Create two concurrently async task with asyncio

2019-01-28 16:51发布

问题:

I need to create a software that receives concurrently from web socket and pipe and it sends the messages on the other channel (it receives from the socket, creates a new thread and sends to the pipe. In the same way it receives from the pipe, creates a new thread and sends to the socket).

I have a problem with multithreading, at the boot of the program I have to start the methods socket_receiver and pipe_receiver but I can only start the pipe_receiver. I tried removing all the code and keep only socket_receiver and pipe_receiver but it only enters in the while True of the pipe_receiver.

import asyncio
import sys
import json
from concurrent.futures.thread import ThreadPoolExecutor
import websockets

# make the Pool of workers
executor = ThreadPoolExecutor(max_workers=10)
# Make connection to socket and pipe
header = {"Authorization": r"Basic XXXX="}
connection = websockets.connect('wss://XXXXXXXX', extra_headers=header)


async def socket_receiver():
    """Listening from web socket"""
    async with connection as web_socket:
        while True:
            message = await web_socket.recv()
            # send the message to the pipe in a new thread
            executor.submit(send_to_pipe(message))


async def pipe_receiver():
    """Listening from pipe"""
    while True:
        message = sys.stdin.readline()
        if not message:
            break
        executor.submit(send_to_socket(message))
        # jsonValue = json.dump(str(line), file);
        sys.stdout.flush()


def send_to_pipe(message):
    # Check if message is CAM or DENM
    json_message = json.loads(message)
    type = int(json_message["header"]["messageID"])
    # 1 is DENM message, 2 is CAM message
    if type == 1  or type == 2:
        # send the message to the pipe
        sys.stdout.print(json_message);


async def send_to_socket(message):
     async with connection as web_socket:
        json_message = json.dumps(message)
        await web_socket.send(json_message)
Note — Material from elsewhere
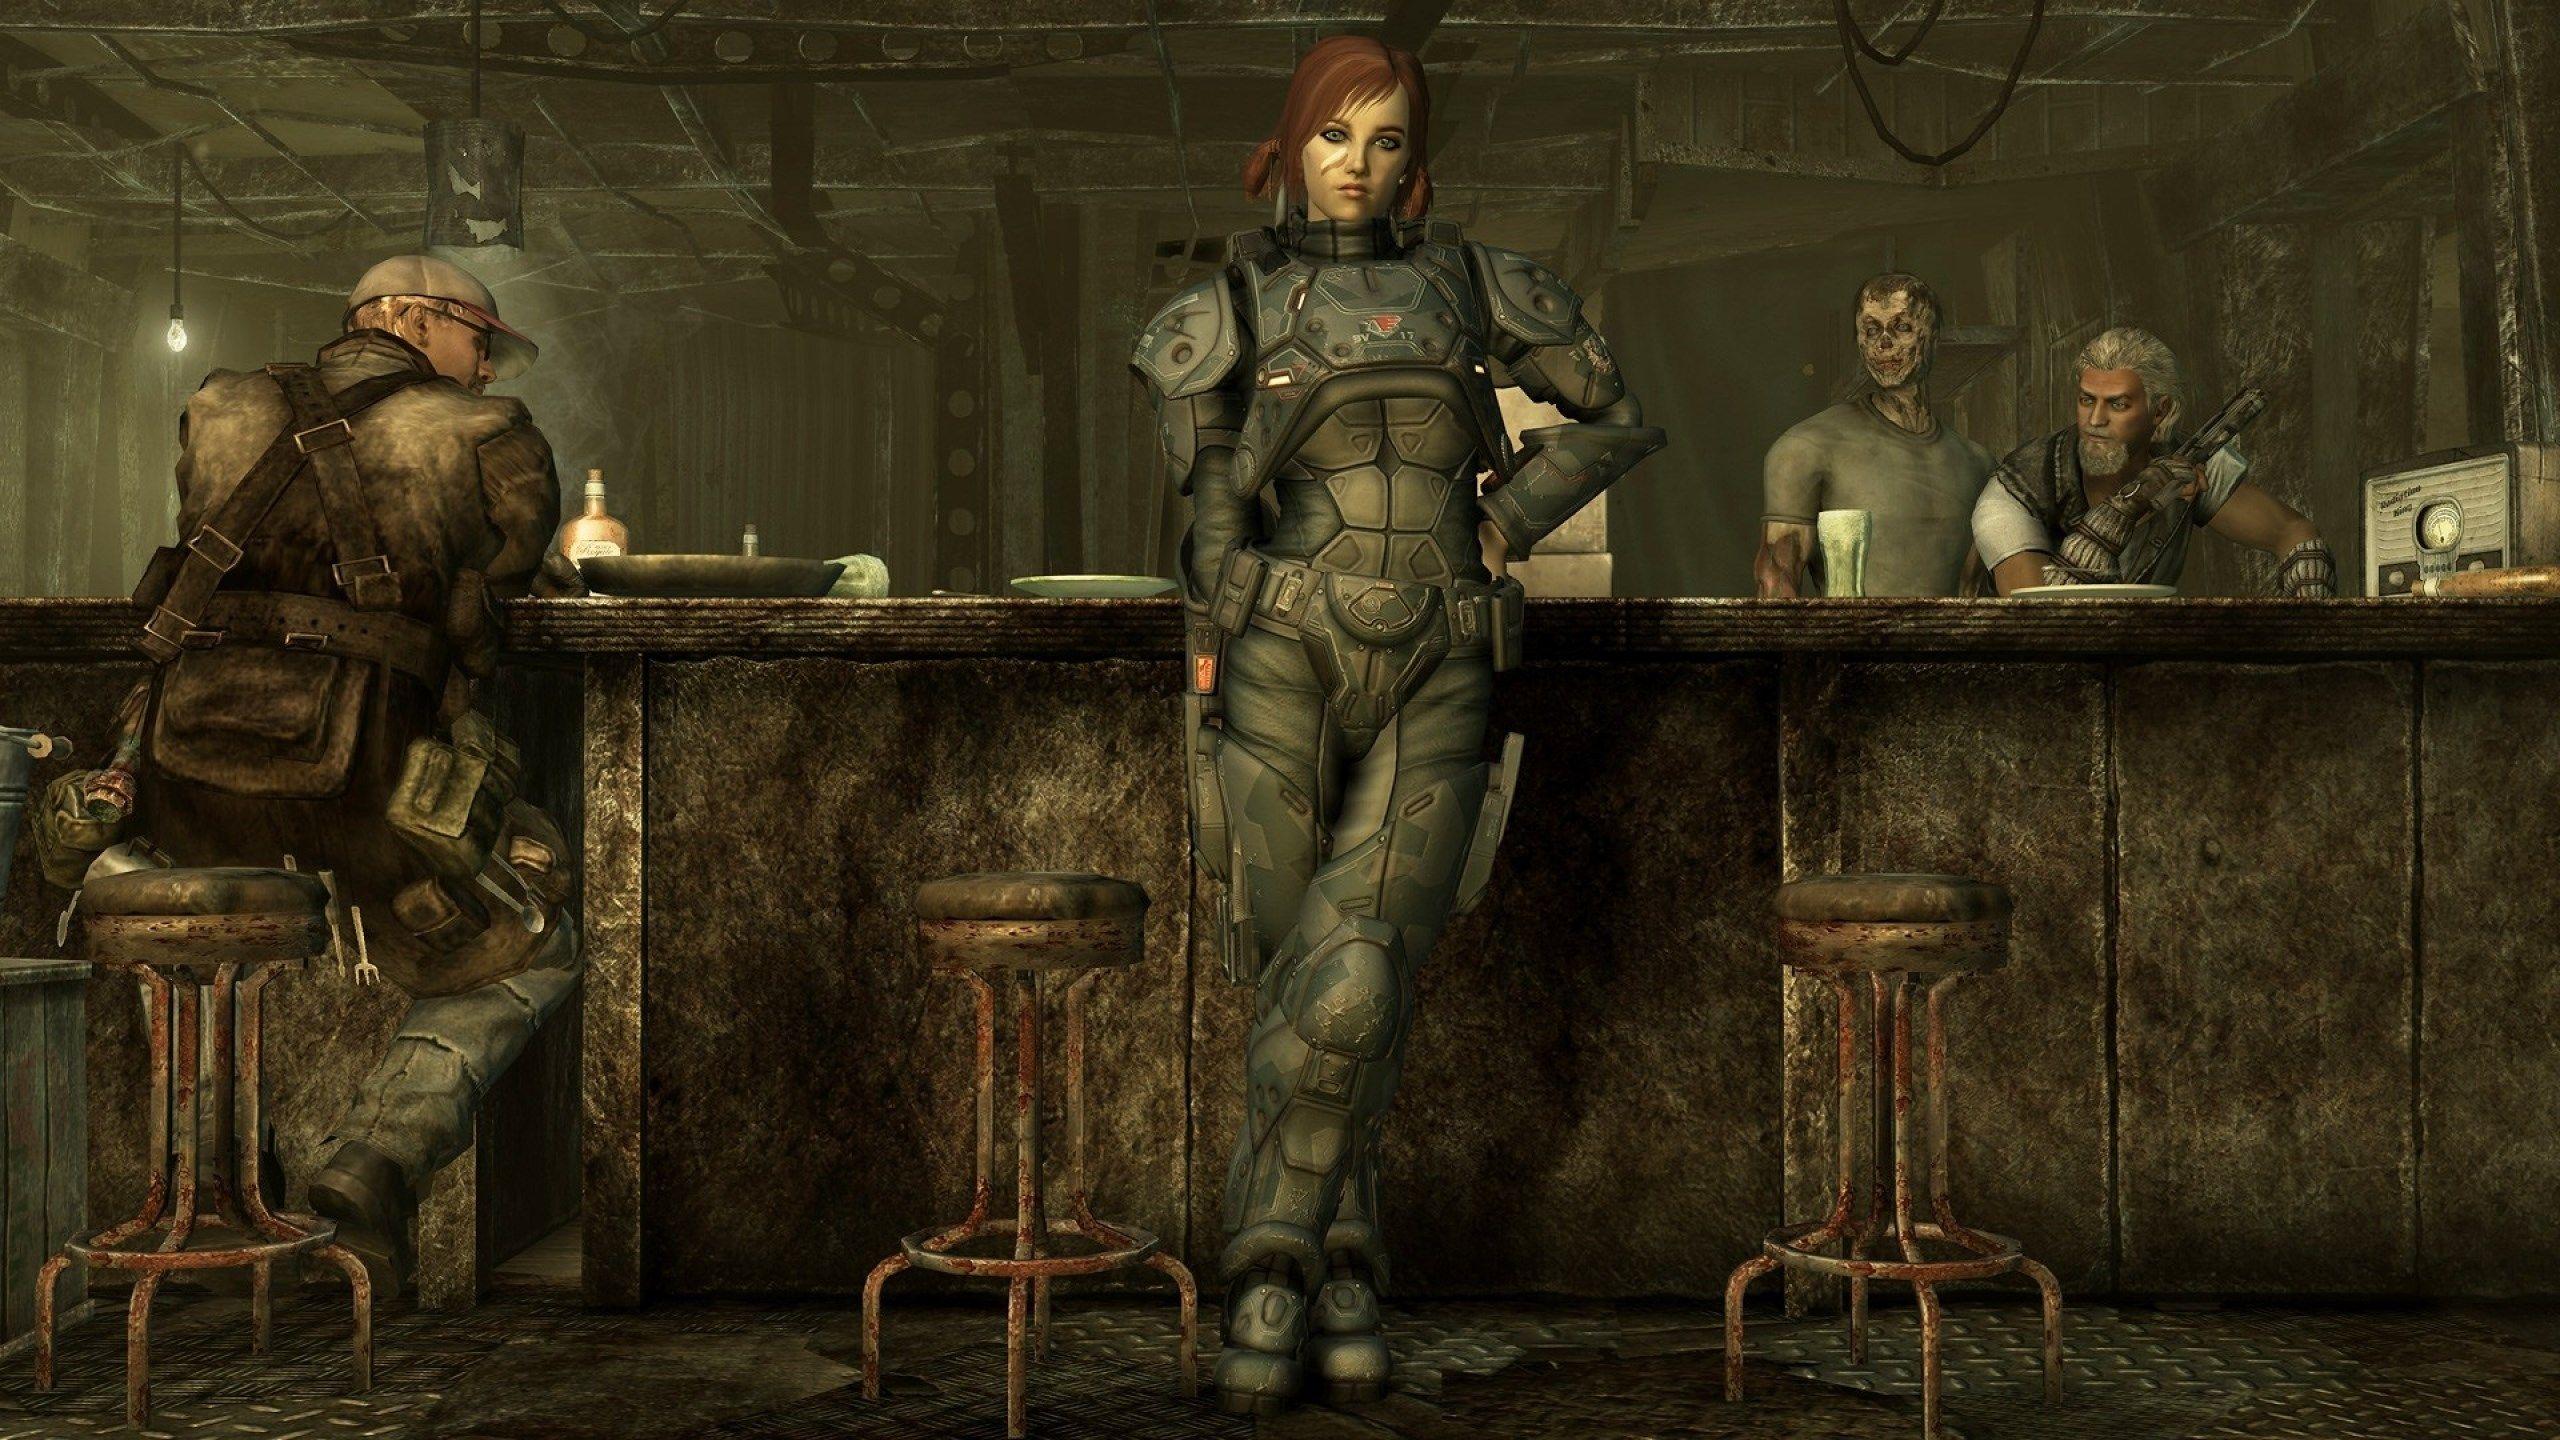 video game fallout wallpapers hd ololoshka Pinterest Best
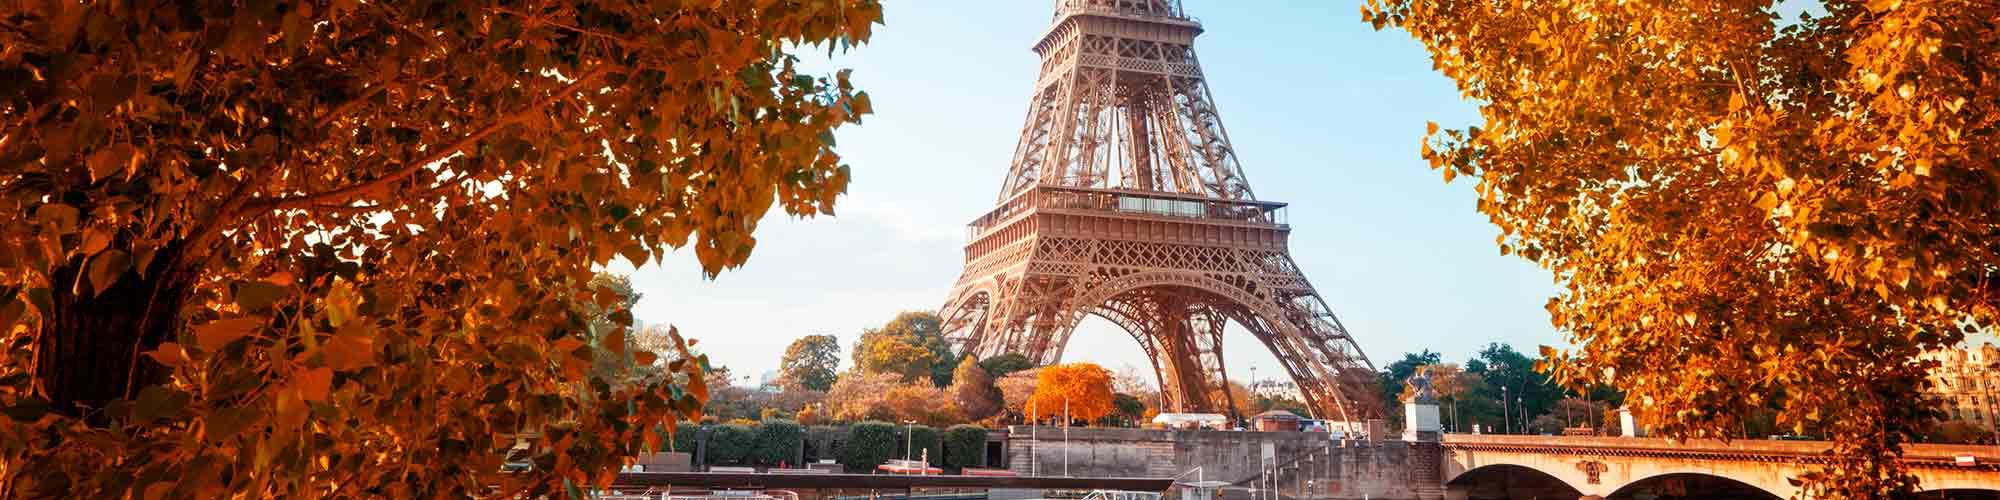 París de Cine - El Pais Viajes

asyncio.get_event_loop().run_until_complete(
    asyncio.gather(socket_receiver(),pipe_receiver()))

This program is called by a subprocess, the parent process communicates with it through pipes connected to stdout and stdin.

UPDATE: I receive this exception with @Martijn Pieters code

Traceback (most recent call last):
  File "X", line 121, in <module>
    main()
  File "X", line 119, in main
    loop.run_until_complete(asyncio.gather(socket_coro, pipe_coro))
  File "X\AppData\Local\Programs\Python\Python37-32\lib\asyncio\base_events.py", line 568, in run_until_complete
    return future.result()
  File "X", line 92, in connect_pipe
    reader, writer = await stdio()
  File "X", line 53, in stdio
    lambda: asyncio.StreamReaderProtocol(reader), sys.stdin)
  File "X/AppData\Local\Programs\Python\Python37-32\lib\asyncio\base_events.py", line 1421, in connect_read_pipe
    transport = self._make_read_pipe_transport(pipe, protocol, waiter)
  File "X/AppData\Local\Programs\Python\Python37-32\lib\asyncio\base_events.py", line 433, in _make_read_pipe_transport
    raise NotImplementedError
NotImplementedError

回答1:

You are not using the ThreadPoolExecutor correctly, and you really don't want to use that here. Instead, you need to set up consumers and producers to handle your socket and pipe with queues to send messages between them.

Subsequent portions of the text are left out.